There’s nothing more megalomaniacal than cutting 20 minutes of music on your computer and calling it an “album.” You think, maybe, you’re catering to the short attention span of the world today, and your album is “cute,” and you can transport 25 of them around to shows, instead of 12. Actually, if your music is digital, you can bring 500 CD’s around with you and it will sound the exact same as a record.
Now, don’t get me wrong: techno music can be fairly laborious to construct. It’s not just like “jamming,” like with rock or any analog genre: there’s a scientific aspect to the amassing of the music itself. The rhythms align themselves spatially and mathematically on the computer screen and with this comes the extra step of the “documentation” third party. I mean, when you’re cutting a rock album, you don’t ever have to officially document what the time signature is. You just record, lock and load.
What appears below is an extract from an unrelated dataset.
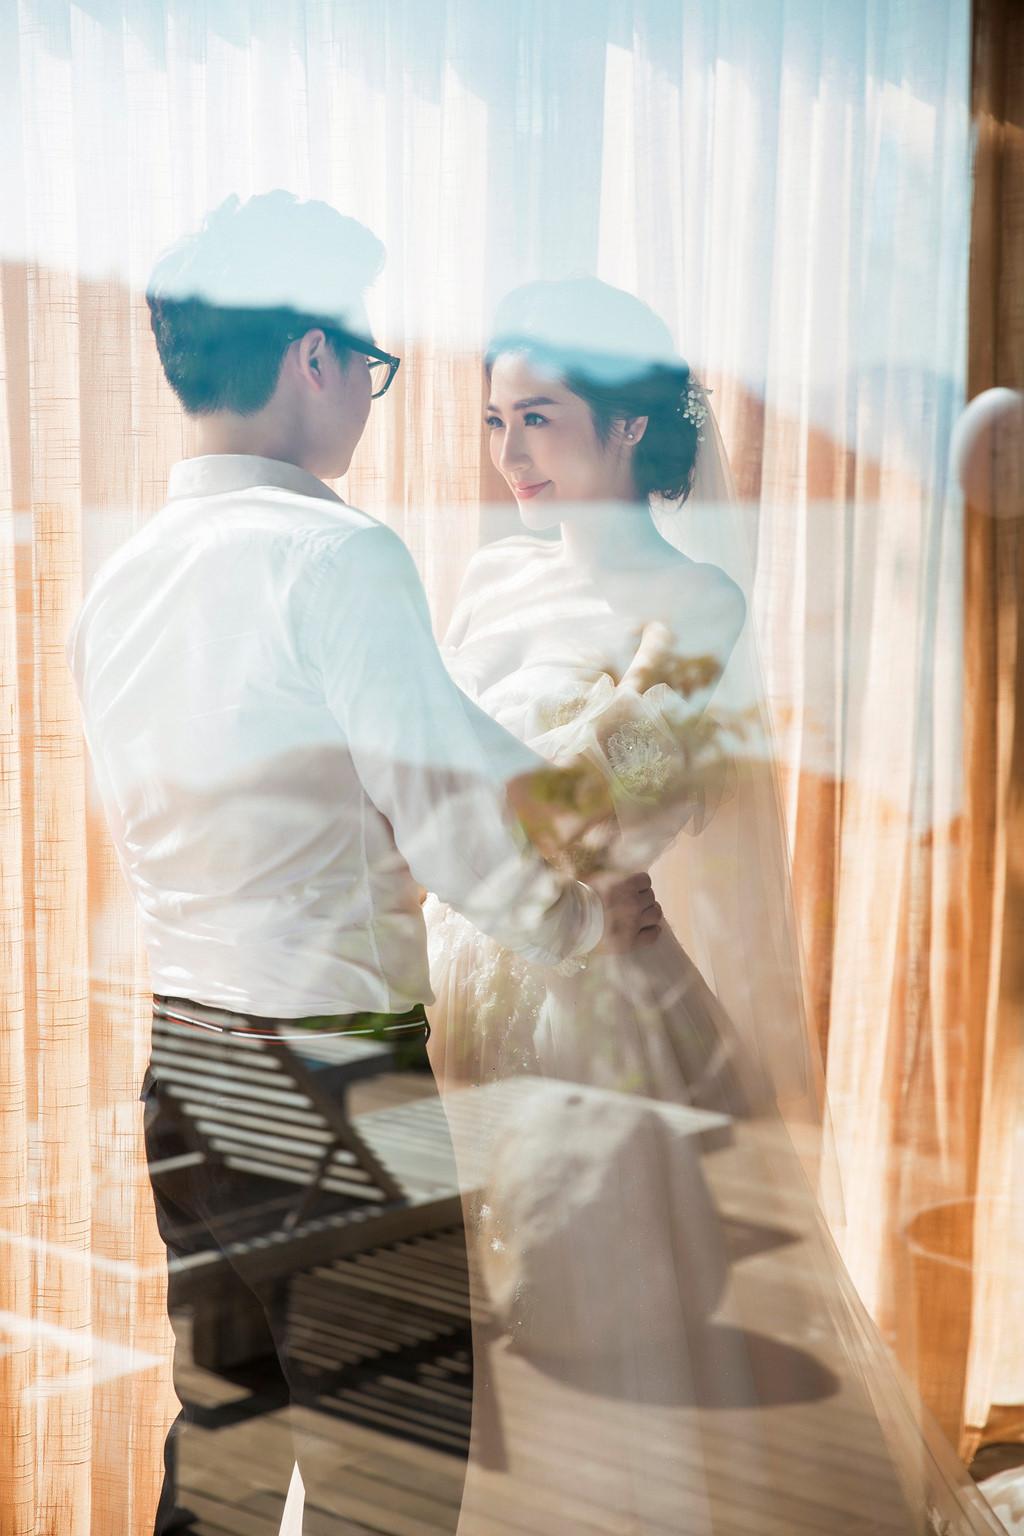 Á hậu Tú Anh gợi cảm trong ảnh cưới với chồng 9X

But mixing and even production in general are way easier than in rock, with techno. The mixing is pretty much done right at the programming step, by adjusting a little knob. There essentially is no “production” with this genre, hence knocking out at least a two-week process or so that would typically be involved with rendering four analog instruments like guitar and drums onto the same master.
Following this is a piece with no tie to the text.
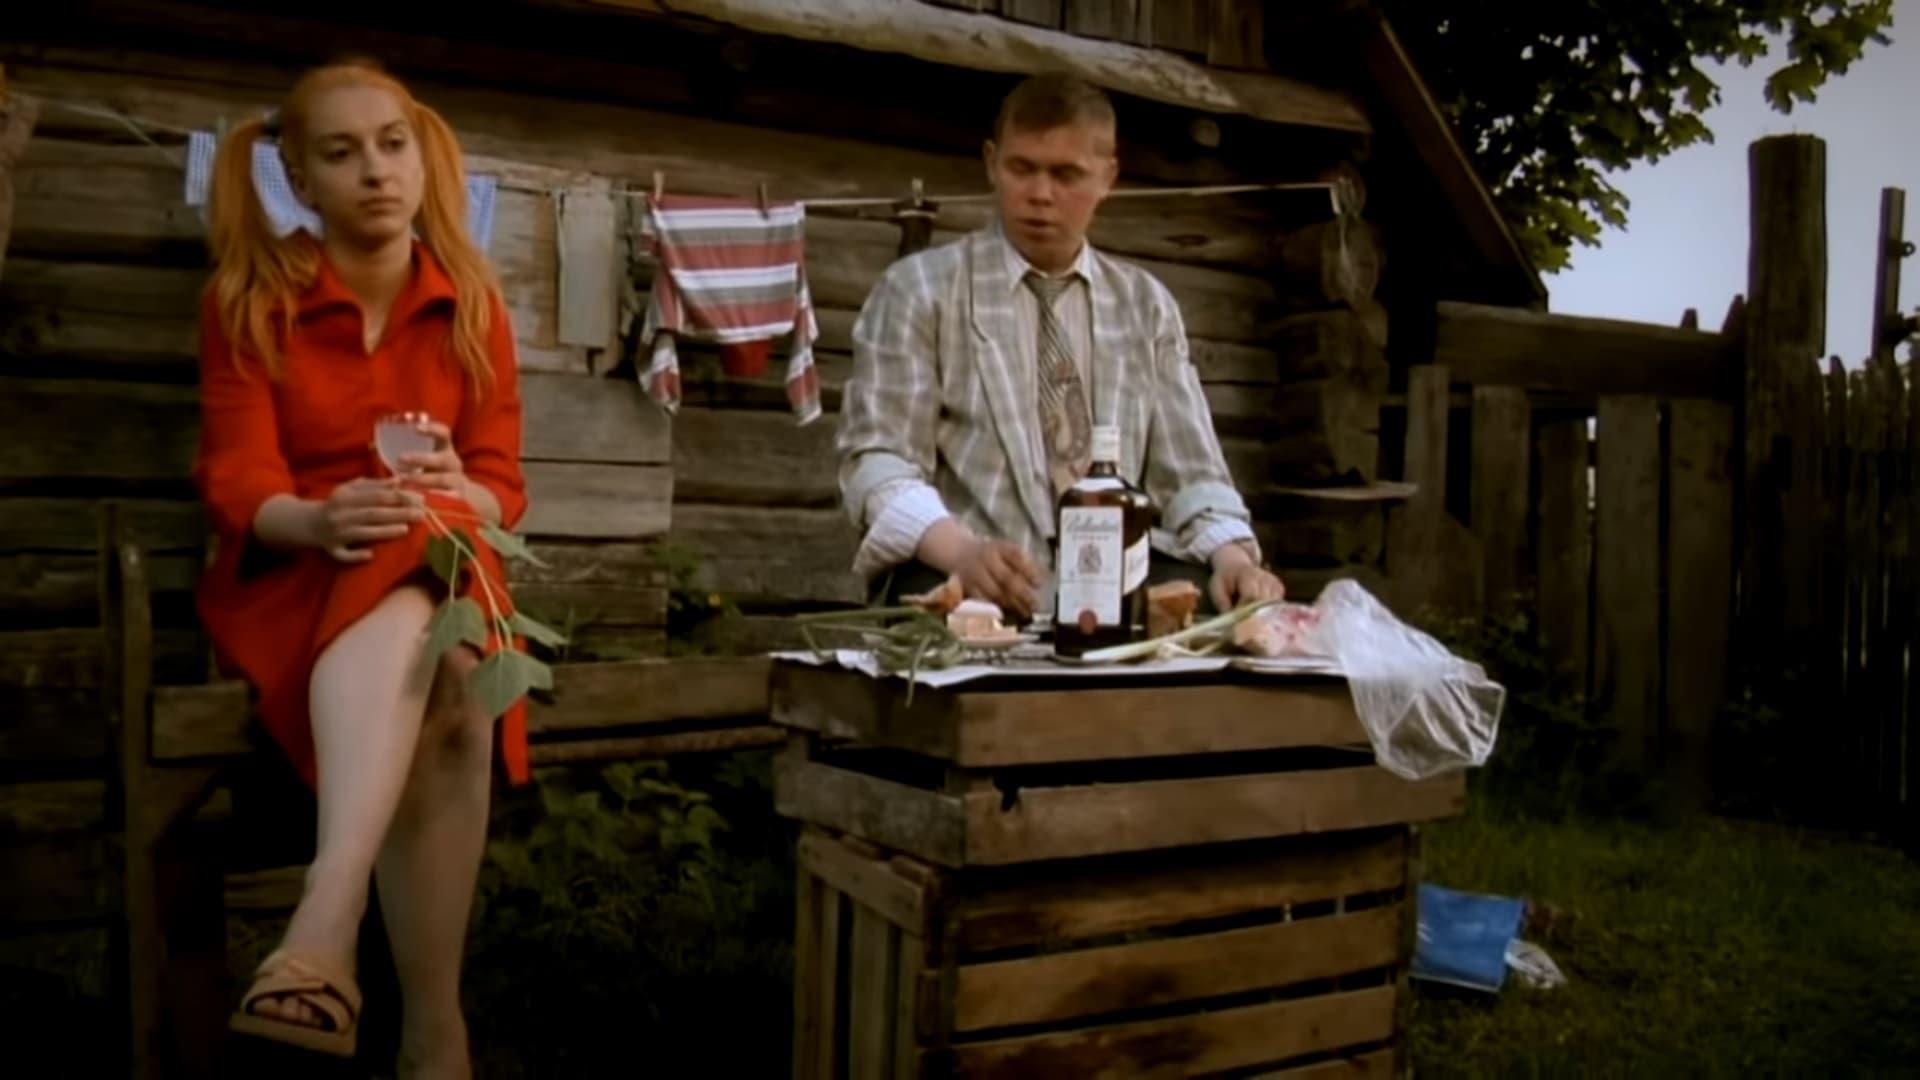 красавица русские сексуальные деревенские художественные фильмы про секс порно фотографии зрелых

There was this one artist called Ben Pest who seemed to put out nothing but EP’s. I took in his Scourge collection in 2019 and thought it actually banged — it was tight, mellow but robust dance music for getting down to or just chilling. But the guy has just put out nothing put EP’s since then and I’m sorry but this is just asinine — I mean it’s a digital genre of music, for Christ’s sake. And another reason why techno albums should be long is so the people controlling the music at the party don’t have to change in every da** 20 minutes. I mean, that’s not very conducive to, uh, expanding your mind, if you know what I mean. When I got to perusing Ben Pest’s 2020 release, Vim & Vigour, first of all, it sounded about the same as Scourge — with the structural sameness seemed to come a certain artistic stasis, the inability to evolve in those 20-minute temporal constraints. And along with this came this feeling of ennui where I felt like I were observing something that was cloned. I mean it wasn’t markedly worse than Scourge (2019), but where’s the progress? And a being that isn’t progressing is clinically dead, or so says my hare-brained set of electronica moral martial law, as we near this fine holiday.